In [2]:
!pip install sklearn



In [3]:
from sklearn.feature_extraction.text import TfidfVectorizer
from sklearn.feature_extraction.text import CountVectorizer
import pandas as pd
pd.set_option("max_rows", 600)
from pathlib import Path  
import glob

In [4]:
#change directory path
#use text processed files
#change from .csv to .txt
directory_path = "Desktop/TFIDF/TFIDF_processed"

In [5]:
text_files = glob.glob(f"{directory_path}/*.txt")

In [6]:
text_files

['Desktop/TFIDF/TFIDF_processed/Factiva_Tampon_Tax.txt',
 'Desktop/TFIDF/TFIDF_processed/Twitter_Tampon_Tax_Political.txt',
 'Desktop/TFIDF/TFIDF_processed/Reddit_Tampon_Tax_Political.txt',
 'Desktop/TFIDF/TFIDF_processed/Twitter_Tampon_Tax_All.txt']

In [7]:
text_titles = [Path(text).stem for text in text_files]

In [8]:
text_titles

['Factiva_Tampon_Tax',
 'Twitter_Tampon_Tax_Political',
 'Reddit_Tampon_Tax_Political',
 'Twitter_Tampon_Tax_All']

In [9]:
tfidf_vectorizer = TfidfVectorizer(input='filename', stop_words='english')

In [10]:
tfidf_vector = tfidf_vectorizer.fit_transform(text_files)

In [11]:
tfidf_df = pd.DataFrame(tfidf_vector.toarray(), index=text_titles, columns=tfidf_vectorizer.get_feature_names())

In [12]:
tfidf_df.loc['00_Document Frequency'] = (tfidf_df > 0).sum()

In [13]:
#change slice words
tfidf_slice = tfidf_df[['remove','sign', 'end','repeal', 'vote', 'gov', 'eliminate']]
tfidf_slice.sort_index().round(decimals=2)

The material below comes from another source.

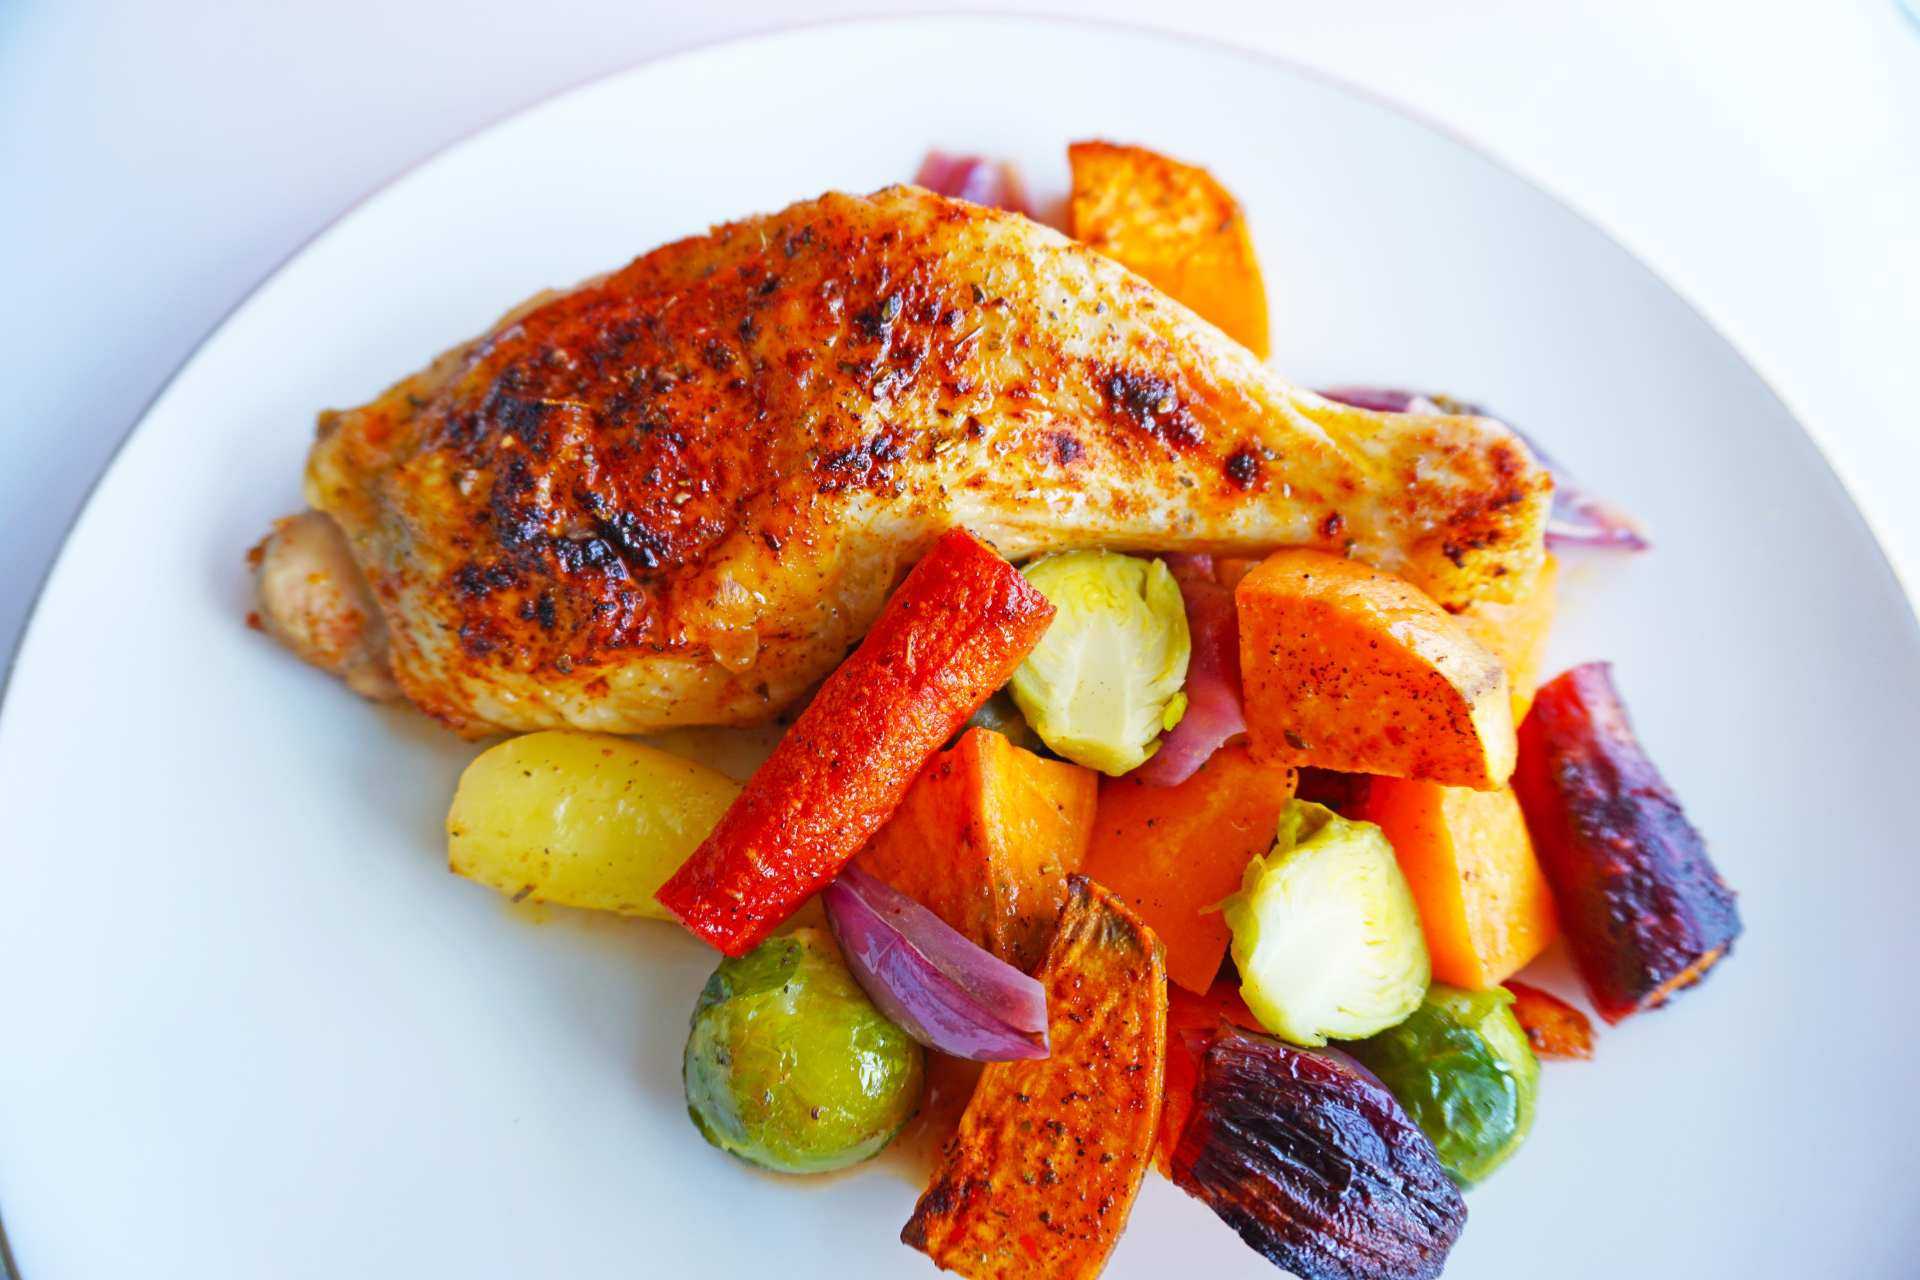 Sunt måltid med grillet kylling, ovnsbakte, rotgrønnsaker smaksatt med lønnesirup, sitron og krydder, eksempel på et råvarebasert måltid.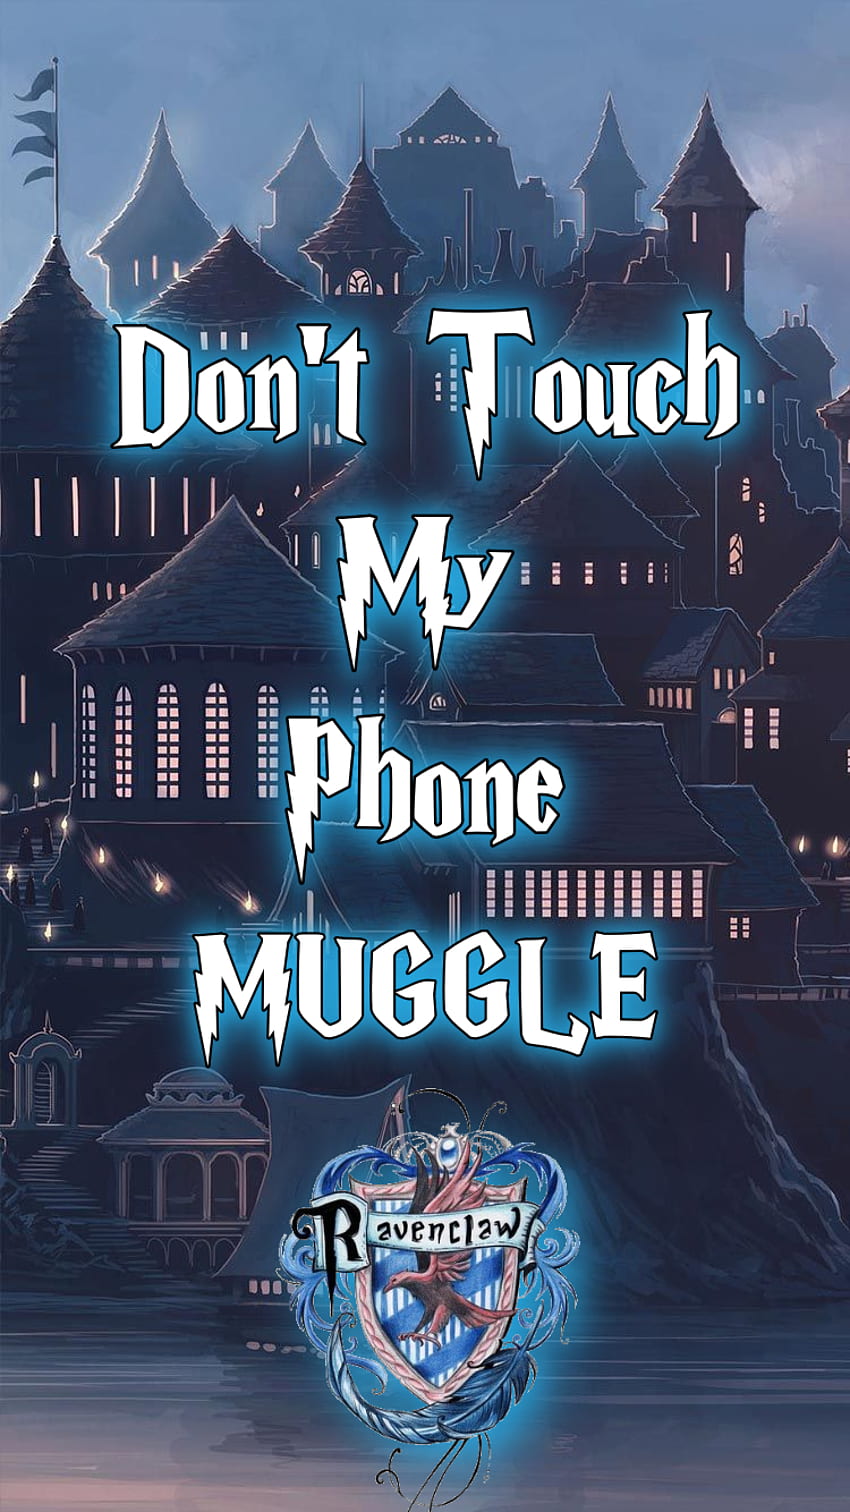 Don't Touch My Phone Muggle iPhone için Ravenclaw ekran resmi ...

Unnamed: 0,remove,sign,end,repeal,vote,gov,eliminate
00_Document Frequency,3.0,4.0,3.0,4.0,3.0,4.0,4.0
Factiva_Tampon_Tax,0.02,0.02,0.07,0.03,0.04,0.0,0.03
Reddit_Tampon_Tax_Political,0.22,0.24,0.16,0.11,0.0,0.18,0.19
Twitter_Tampon_Tax_All,0.03,0.08,0.0,0.04,0.04,0.01,0.06
Twitter_Tampon_Tax_Political,0.0,0.02,0.0,0.02,0.12,0.03,0.02


In [14]:
tfidf_df = tfidf_df.drop('00_Document Frequency', errors='ignore')

In [15]:
tfidf_df.stack().reset_index()

Unnamed: 0,level_0,level_1,0
0,Factiva_Tampon_Tax,1019,0.0
1,Factiva_Tampon_Tax,10am,0.0
2,Factiva_Tampon_Tax,10th,0.0
3,Factiva_Tampon_Tax,11,0.0
4,Factiva_Tampon_Tax,110,0.0
...,...,...,...
51067,Twitter_Tampon_Tax_All,zucker,0.0
51068,Twitter_Tampon_Tax_All,zuckerberg,0.0
51069,Twitter_Tampon_Tax_All,zukiewicz,0.0
51070,Twitter_Tampon_Tax_All,zumiez,0.0


In [16]:
tfidf_df = tfidf_df.stack().reset_index()

In [17]:
tfidf_df = tfidf_df.rename(columns={0:'tfidf', 'level_0': 'document','level_1': 'term', 'level_2': 'term'})

In [18]:
tfidf_df.sort_values(by=['document','tfidf'], ascending=[True,False]).groupby(['document']).head(15)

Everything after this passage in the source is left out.